Brain Maps and the Outside World

But how does the brain know what odors the nose has detected? This is a specific version of the problem of “representation”: when we look within the brain, how is information about the outside world organized to enable sensory processing and behaviors? This is a foundational problem in neurobiology, one that has driven generations of scientists to study the brain. Although the details vary for each sensory modality, the traditional framework for understanding how the brain understands the outside world centers around the idea of the map: neurons build maps of the outside world within the brain and these maps are read by other parts of the brain to generate behaviors.

The brain contains with it internal representations of the outside world organized as topographical maps. Perhaps the most famous of these is the Penfield map (left) in which the neurons that respond to touch sensory information are spatially organized into a miniature version of the body itself called a homunculus (left). This map does not literally recaptitulate the spatial relationships within the body, but rather emphasizes those body parts for which touch is most critical, such as the hands and lips (right).

Perhaps the most famous brain map is the Penfield map – there are regions of the brain devoted to our sense of touch, and these regions are spatially organized just like the body is spatially organized, with neurons that respond to touch on the forearm residing right next to neurons that respond to touch on the elbow, and so on.

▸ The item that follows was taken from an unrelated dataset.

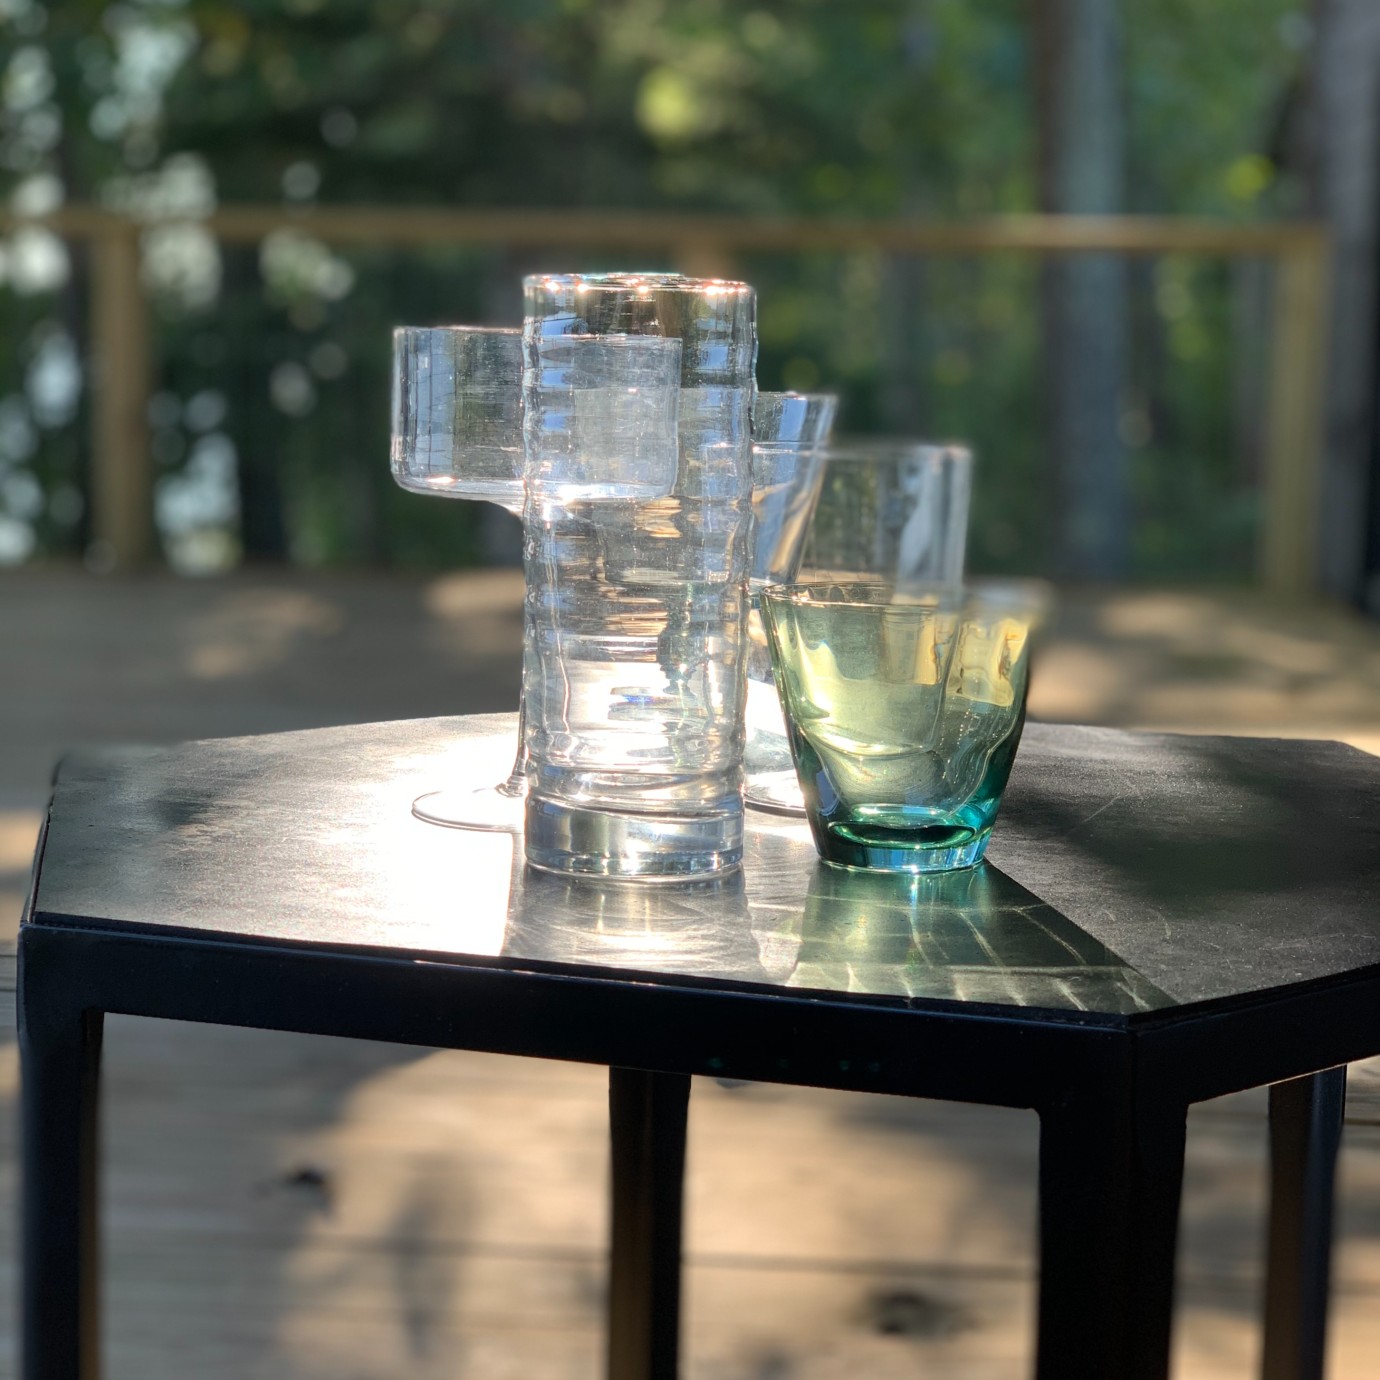 Alton Brown's cocktail glasses displayed outdoors on a black end table.

This map of the body within the brain — with some imagination — looks just like a person. The important concept here is that what the brain needs to know when we are being touched is where we are being touched — and that is why the spatial relationships amongst the touch receptors in our body are maintained in the spatial relationships amongst the neurons that respond to touch in our brains. There are maps for other sensory modalities within the brain as well: the retinotopic map, in which neurons that are near each other in the visual cortex respond to spots of light that fall near each other on the retina (which in turn correspond to adjacent positions in visual space) and the tonotopic map, in which neurons that are near each other in the auditory cortex respond to similar frequencies of sound.

Drawings from Ramon y Cajal (left) and Gray (right) illustrating that axons from olfactory sensory neurons in the nose terminate in individual glomeruli within the olfactory bulb. The axons of all olfactory receptor neurons that express a given odorant receptor converge on the same glomerulus; each glomerulus is therefore a kind of computational unit that contains information about the activity of a single odorant receptor.

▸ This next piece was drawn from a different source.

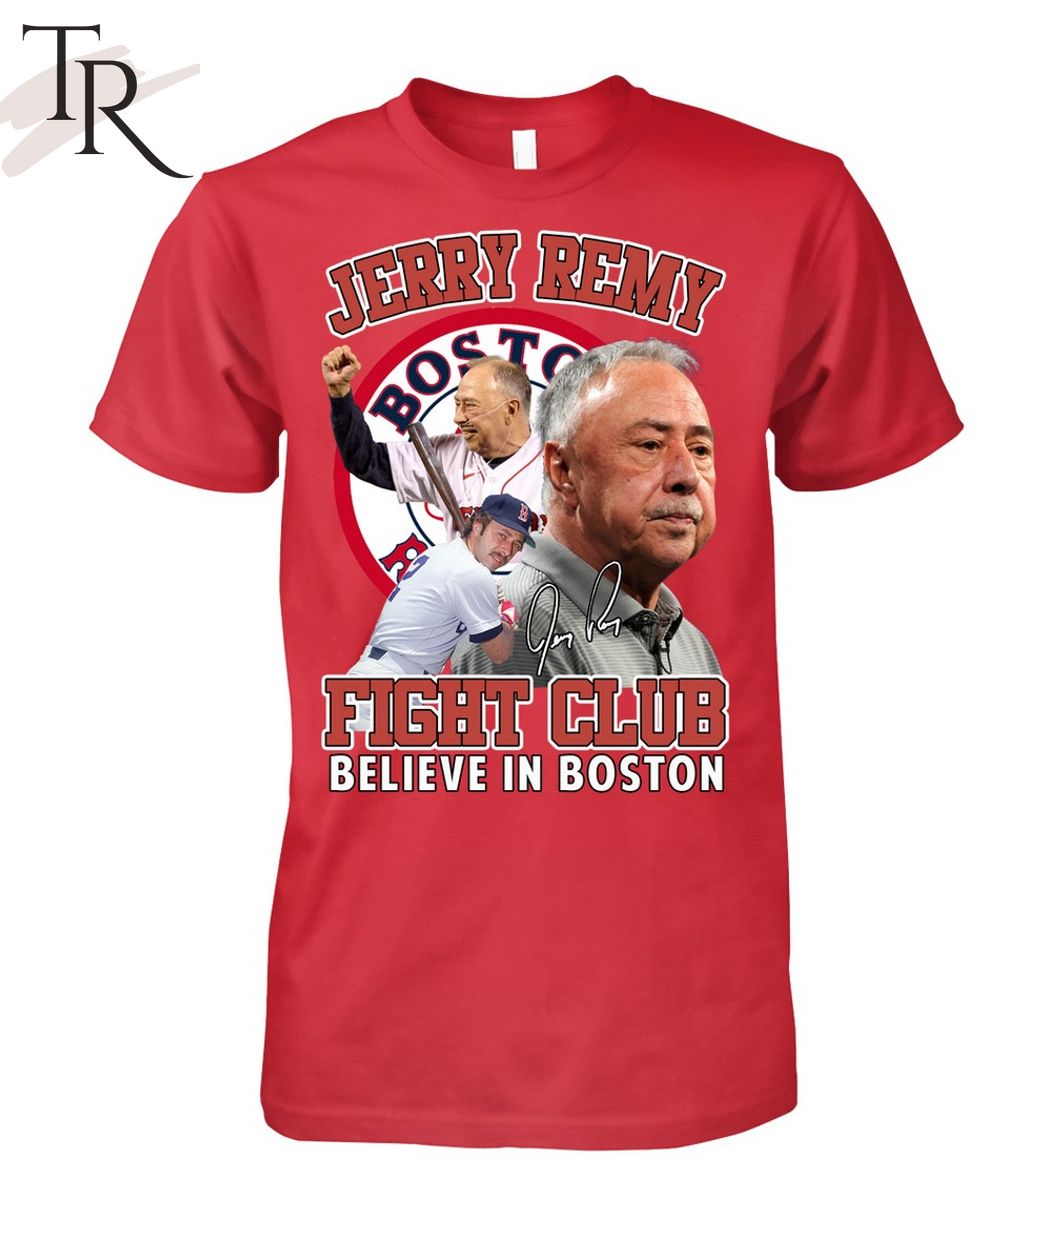 red sox jerry remy shirt

The brain also houses a map of the outside olfactory world. This map is built by the terminations of olfactory sensory neuron axons within the olfactory bulb. This map operates using three key organizational principles. First, each olfactory receptor neuron (and there are about 2 million in a mouse nose) expresses just one of the 1000 possible receptors. They make a choice to express one specific receptor early in development and then stick with that choice for their entire lifetime. Second, all of the sensory neurons that express any particular receptor send axons that converge on a single structure within each olfactory bulb called a glomerulus. Third, the spatial position within the bulb of any particular glomerulus is the same in every animal. Together, these features have an important consequence: odors activate specific sets of olfactory sensory neurons in the nose which in turn activate specific sets of glomeruli within the olfactory bulb.

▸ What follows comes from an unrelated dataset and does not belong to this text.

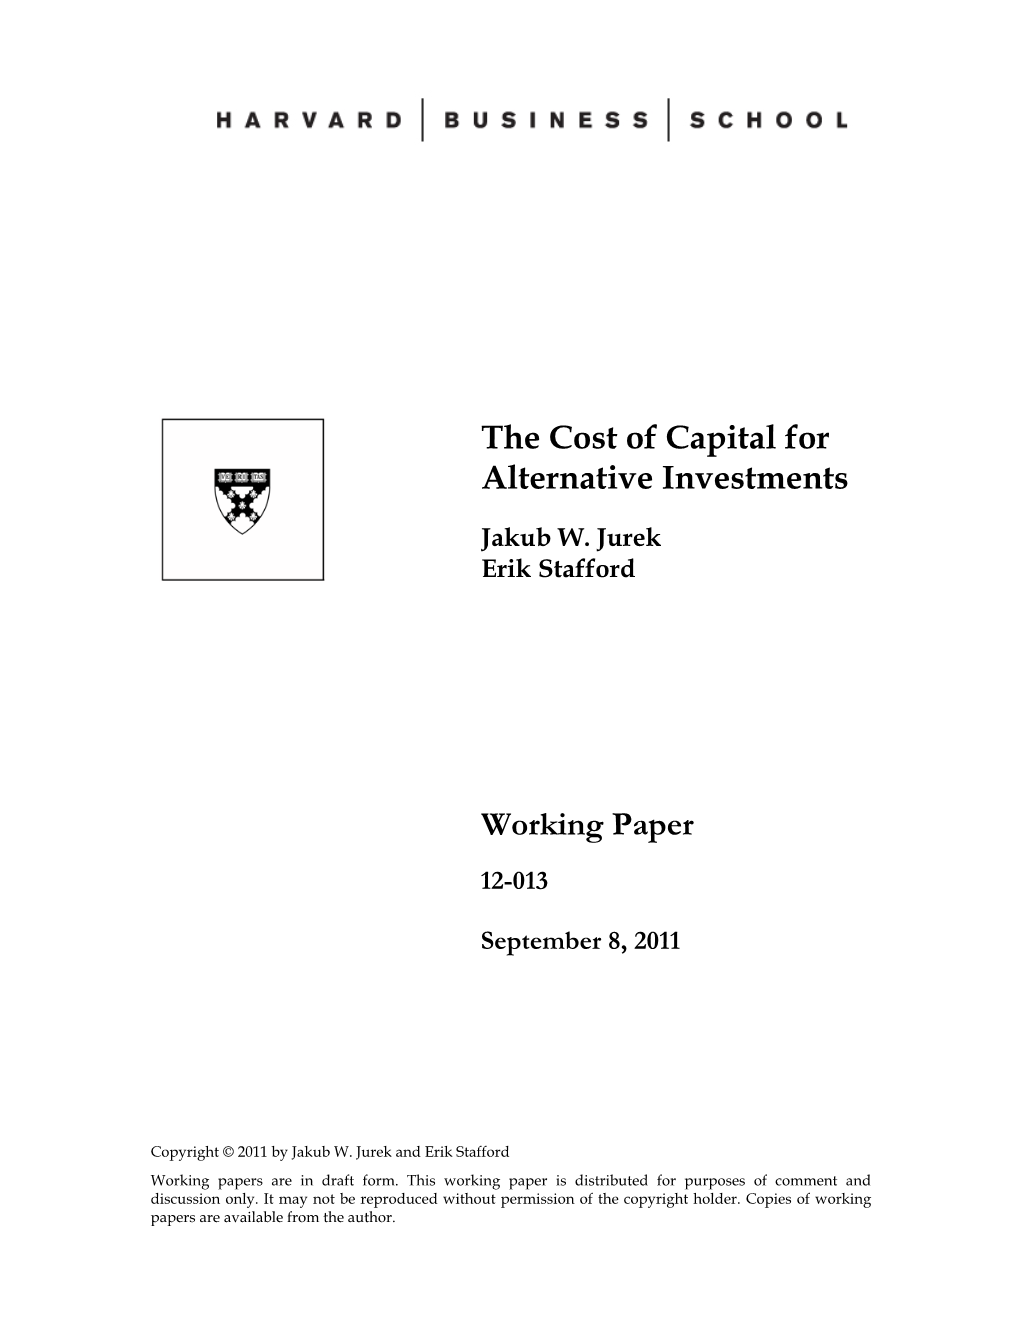 The Cost of Capital for Alternative Investments Working Paper

Information about what odors the nose is detecting is organized into a spatial map within the olfactory bulb – the top panel shows the pattern of electrical activity (with more activity represented by more color) elicited by three different odors in the olfactory bulbs of mice. Each individual spot is a glomerulus that is receiving input from a single type of odorant receptor in the nose; each odor activates different sets of these receptors, and hence each odor elicits unique patterns of glomerular activity within the olfactory bulb. Because the spatial location of any given glomerulus is the same from animal to animal, we can determine what an animal is smelling based upon the specific pattern of activated glomeruli, much as we identify constellations based upon the invariant spatial relationships between individual stars (lower).

Because the specific pattern of glomeruli that any given odor activates are unique (i.e. the pattern of cherry is different from the pattern of beer), and because the spatial relationships amongst the different glomeruli are the same from animal to animal (i.e. the pattern of cherry is the same in you and me), the spatial pattern of glomeruli activated in response to an odor can be used to identify what the animal is smelling. Perhaps the best analogy is to gazing at the night sky: we can identify individual constellations (odors) by observing the conserved spatial relationships amongst the stars (glomeruli).